Jan. 30th, 2013

jack: (Default)
For clarification, this is a blog post about the book entitled, Ready Player One, not an instruction to prepare :)

Ready Player One had a little bit of fame last year. There's a virtual world which becomes a de facto standard, most different games running under the same umbrella system, and also video-conferencing, most education, etc. Its creator dies, and leaves control of the company to whoever finds a secret object secreted somewhere in the virtual world.

Initially there's a massive publicity storm, but after several years, people start to assume it's a hoax, until someone finds the first clue in the trail.

The creator, and many of the people still hunting for the clue, love classic 80s computer games, and much of the book is themed around them.

The book is quite well written. It was an easy and enjoyable read, and I remember many of the characters fondly, and the plot goes roughly where you expect, but with many realistic differences of opinion and reverses along the way.

The big question for any virtual-world novel is how to make doing things in the virtual world matter enough to be tense. There is often some technobabble that makes the experience as close as possible to someone teleporting into a world and then out again.

Ready Player One does this a bit better than average (there's good reason the ongoing quest needs to be completed without your avatar dying, and being ejected is disorientating, but doesn't have any implausible physiological effects). But it's still not quite plausible.

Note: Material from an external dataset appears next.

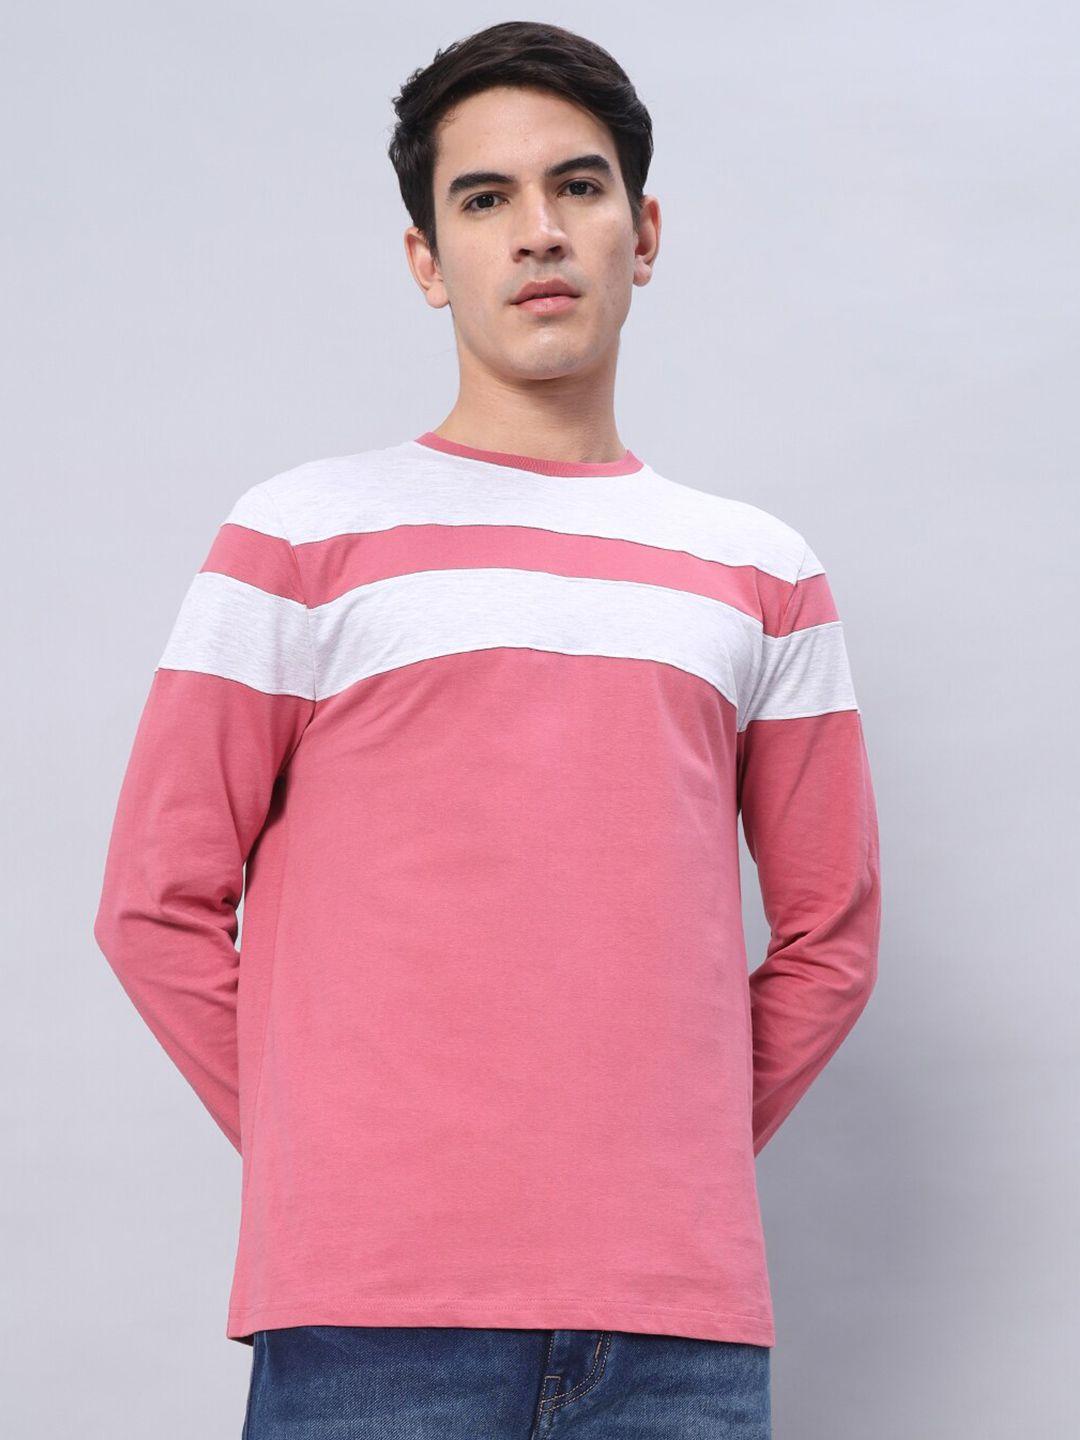 the dry state rose & white colourblocked cotton t-shirt

The world is a bit like Eve Online crossed with Steam. There are many games, worlds, learning environments, etc you can play. But you travel between them in a MMO way, needing to grind for coins to get spaceships or teleporters to different planets, etc, and there are extra-powerful one-off artefacts people can find that have an effect you couldn't normally find. It's consistent, which is very good, but I'm not sure if it's entirely plausible that all these different worlds tie together.

And it's odd that the bad guys are forced to play "by the rules" trying to fulfil the conditions of the challenge by finding the hidden object in the virtual world, rather than finding some way to bypass the intent of it. They do play dirty in the real world, but if you had the resources of a major company trying to hack Eve Online, I assumed they'd succeed, even if they had to suborn a lot of ISPs to do it.

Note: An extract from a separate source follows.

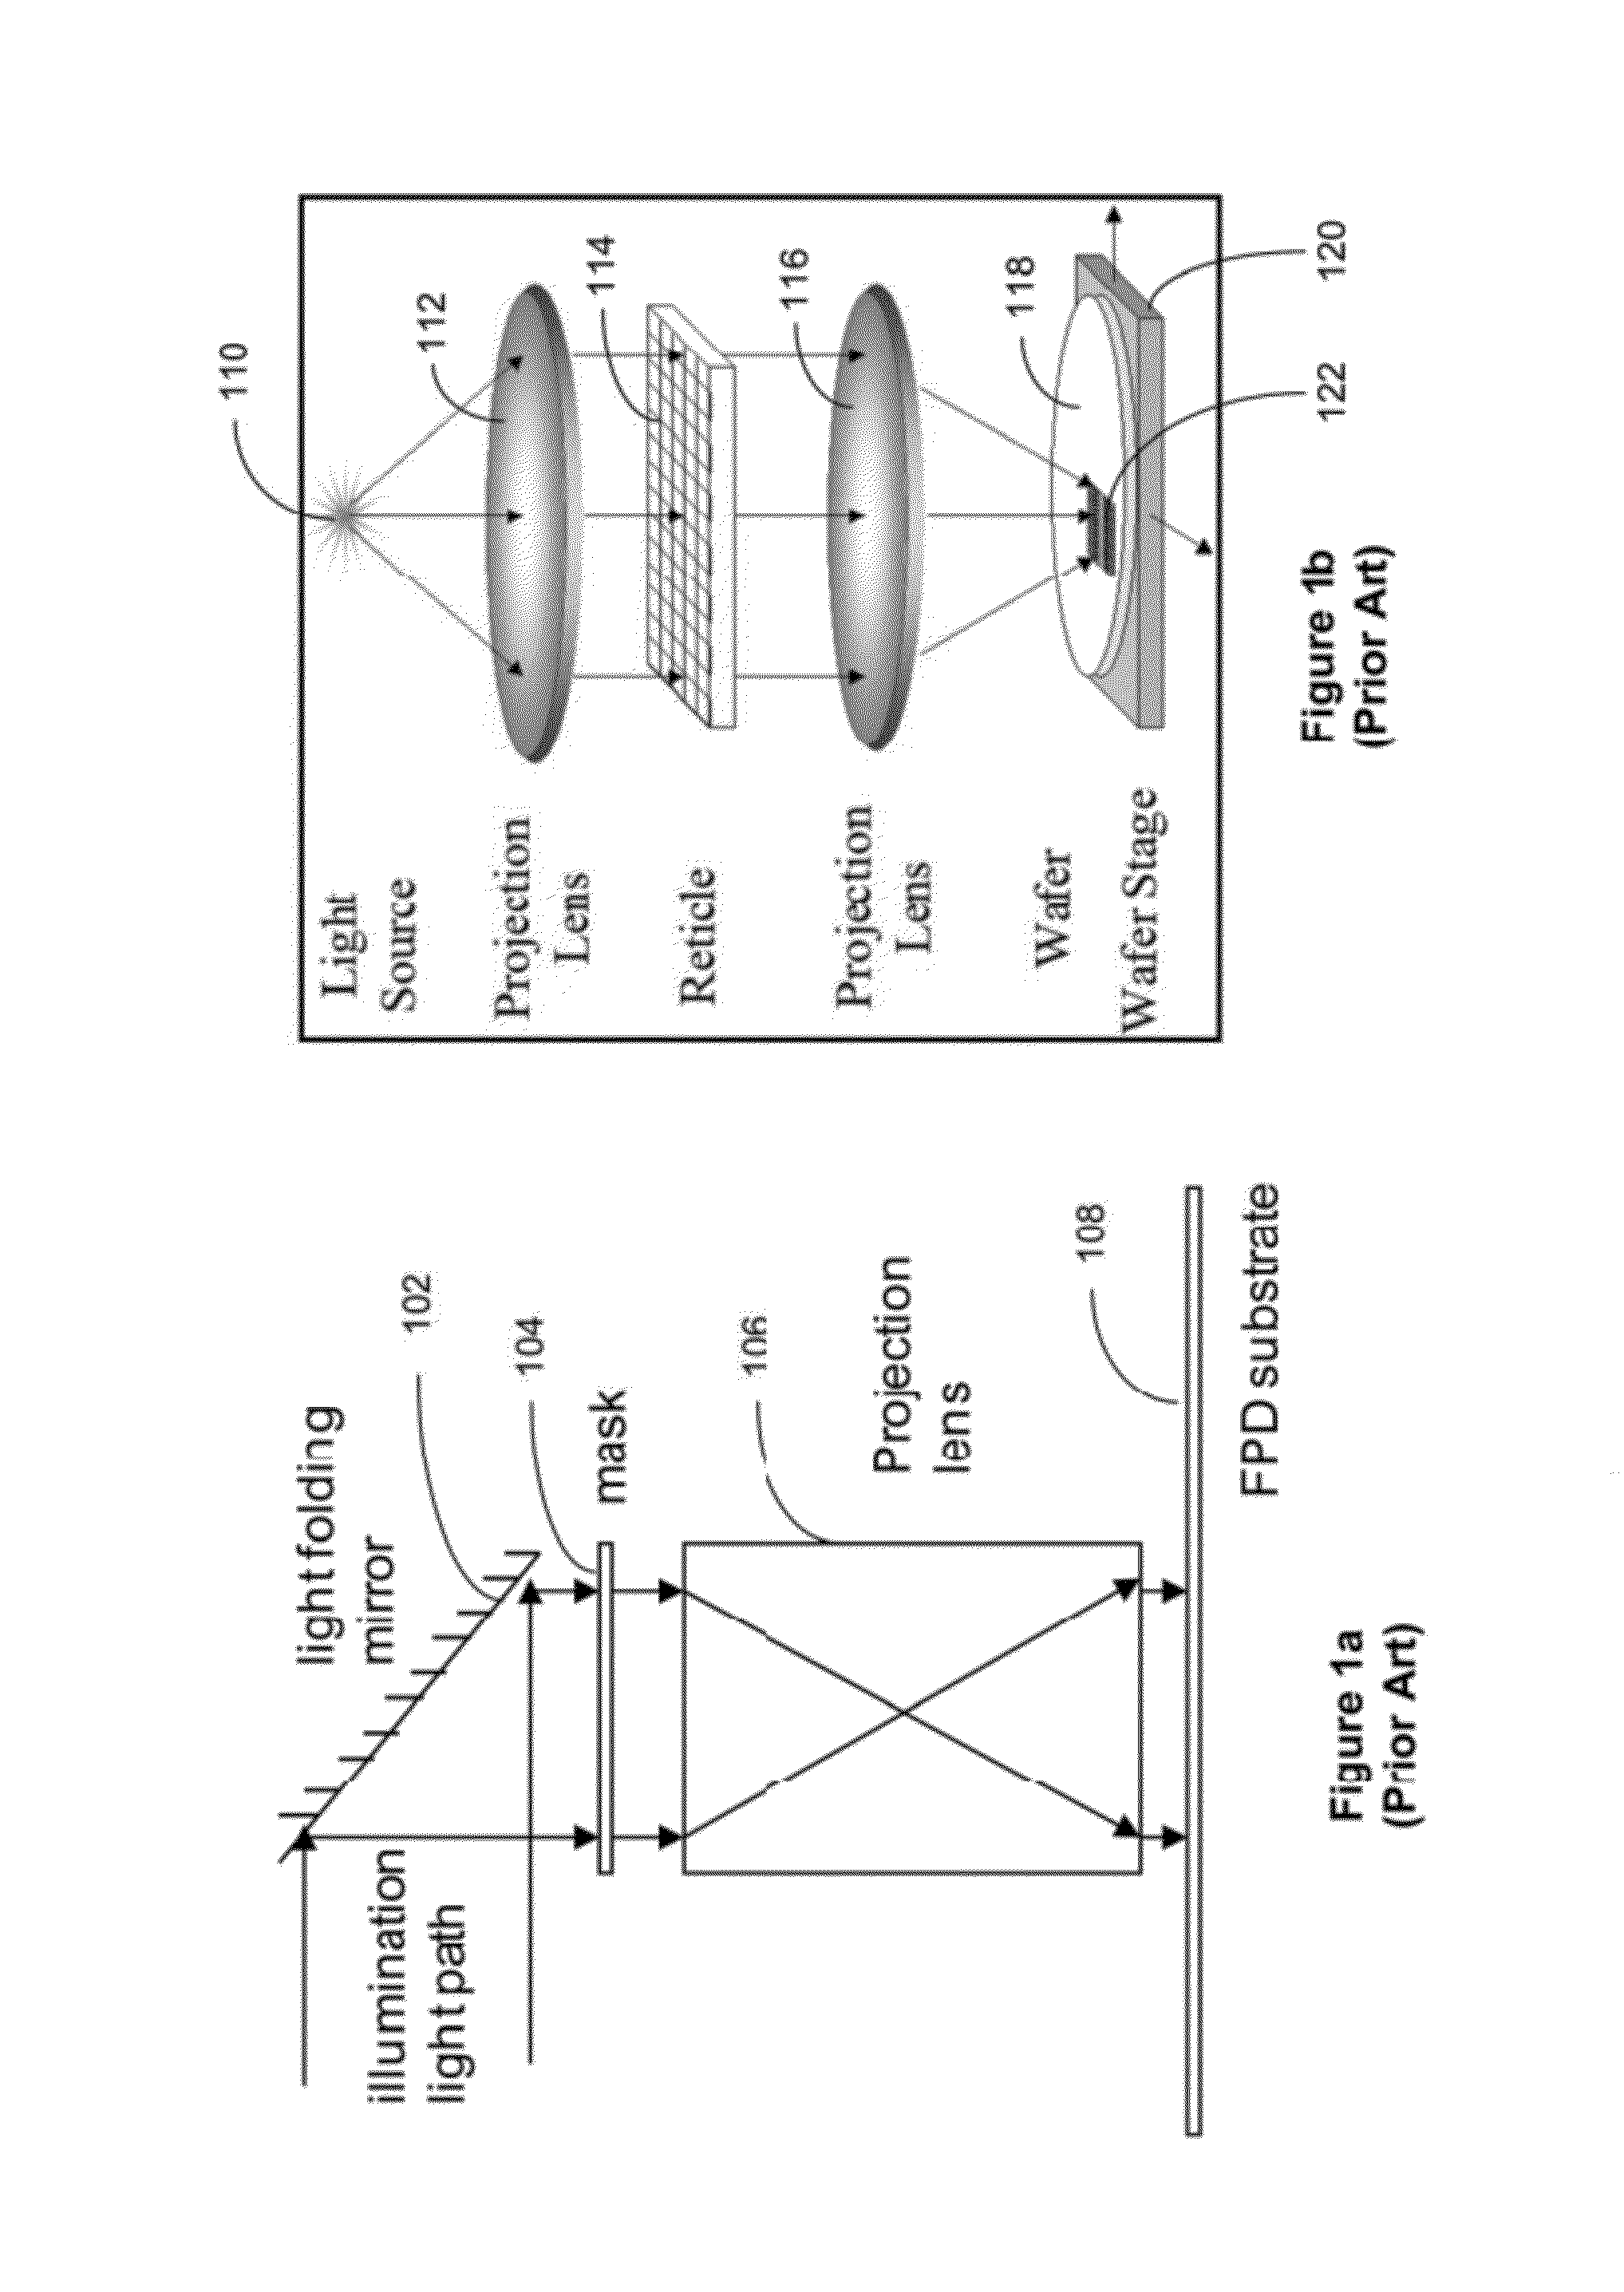 System and Method for Manufacturing Three Dimensional Integrated Circuits

Overall, I'd say if you like classic computer games, virtual worlds, or young adult novels, you should definitely read this, but possibly only once.
jack: (Default)
I'm still not sure what to call this, but several more examples of what I compared to the sunk cost fallacy, but with an unexpected opportunity you need to ignore, instead of a pre-committed cost you need to ignore.

1. Oh hey, I thought of a REALLY REALLY CLEVER plot twist for my book. I'll put it in.

This seems to happen in even quite high-profile films, where the director is wedded to some clever idea that isn't what everyone else likes about the film.

The author phrase for it is, "murder your darlings" as in, even bits of the book (sentences, ideas, characters, turns of phrase, plot points) that you like, or even, ones that are REALLY GOOD, may still not be the ones that produce the best whole.

2. I was going to lie, but now I have an opportunity to lie by telling the exact literal truth and let someone misinterpret me.

There are some good reasons for this. You want to be able to mock them later. You (or society) want to put artificial barriers in the way of breaking your resolution not to lie so you don't do so repeatedly.

But basically, it's just the same as lying, so lie well. (A good lie is often as simple as possible and mostly close to the truth, but happening to contain the same words as the truth doesn't actually help.)

3. Oh look, I have lots of hearts, I'll preempt in hearts.

Sometimes you have a really good preempt, and want to bid it. But if the existing bidding says that your preempt won't help, there's no point doing it just because you'd been looking forward to getting an opportunity to make that bid.

4. Oh look, I found a really cheap weasel froblicator!

I should buy that, in case I ever need a weasel froblicator. It would be a shame if I needed to froblicate some weasels and had to buy one full price. OK, yes, it would be a shame, but how likely is it? Really?

The commonality

The common thread, to me, is that you're presented with an opportunity you subconsciously expected to be rare, and hence precious, and hence you want to make the most of it.

But that's only actually useful if the opportunity is something that actually helps. If someone gives you a free weasel froblicator and you don't need it, it's mostly just a burden.